Gillette had to convince new dads that they should consider going clean-shaven at least temporarily, for the first few months of their baby’s life. It showed dads what stubble felt like to babies via sensory storytelling. Print ads in leading male magazines used actual sandpaper to bring the experience to life. It also created a unique, first of its kind force-touch haptics technology app, went to meet new dads by promoting the BabyFace app at baby-fairs and launched the first-ever global tie up between Gillette and Pampers, creating a daddy pack that combined diapers and razor.

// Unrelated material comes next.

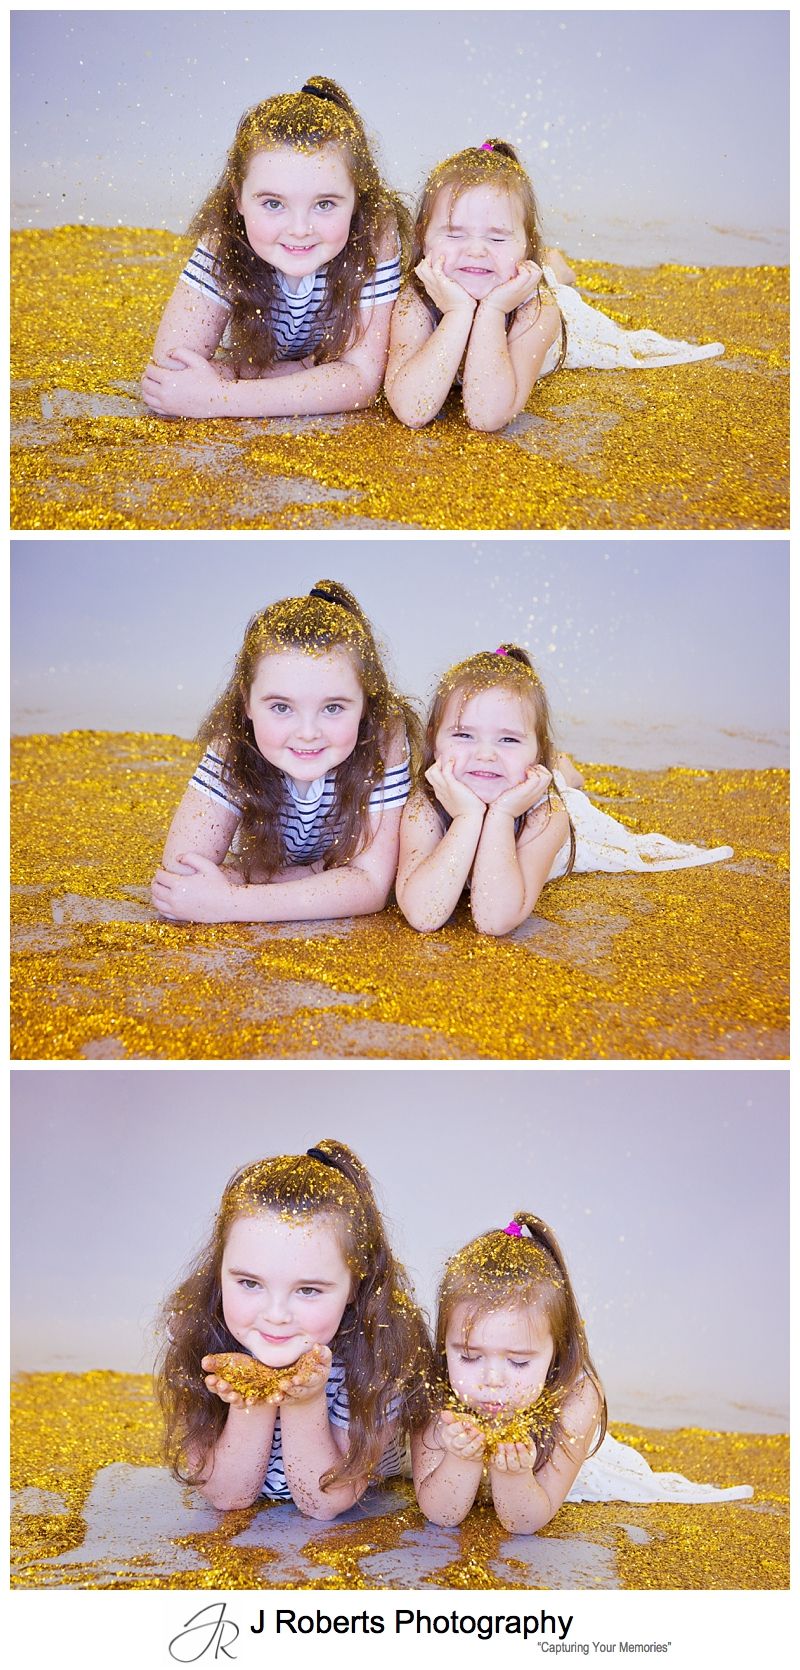 Glitter Mini Portrait Photography Sessions Sydney Lot of Fun with Glitter

Real the full case study here.


O2 Oops | O2 | Havas Media | UK

Shortlisted for: The Creative Use of Media Award (SILVER WINNER), Best Branded Content in traditional / non-digital channels


Over the last three years, the UK racked up an astonishing £1bn repair bill for cracked mobile phone screens whilst 45% of broken screens go unrepaired. O2 listened, and took a stand: making free screen repairs a core market proposition for the first time, anywhere. For many screen cover can feel like something they probably won’t need, and a rather dry benefit. But when they experience or see it happening then it has strong emotional resonance – it wasn’t about communicating a message but the feeling.

You know that feeling when you drop your phone, pick it up, hope it isn’t, turn it over and… “Oh shit. Screens cracked”. The ASA wouldn’t let the creative message be “oh shit”. That was translated as “Oops”. So, the challenge Havas Media set was this: “Can the MEDIA communicate that “oh shit” feeling where the message can’t?” It focused on communicating the ‘oops’ moment. It didn’t need long explanations, or lots of rational product messaging. The solution simply presented a universally-relatable moment – a cracked screen – and let the audience fill in the gaps.

This insight translated into ‘smash everything’ as a media idea. O2 ‘broke’ billboards, ‘punched through’ paper and ‘trashed’ digital media. It used lenticular technology to create the illusion of cracked screens. Digital Escaltor Panels (DEPs) ‘rolled’ phones down escalators. Unmissable Press formats focused on a single-minded message. And by making every media encounter an Oops moment, the physical executions and simple messaging dovetailed delivering authentic stand out.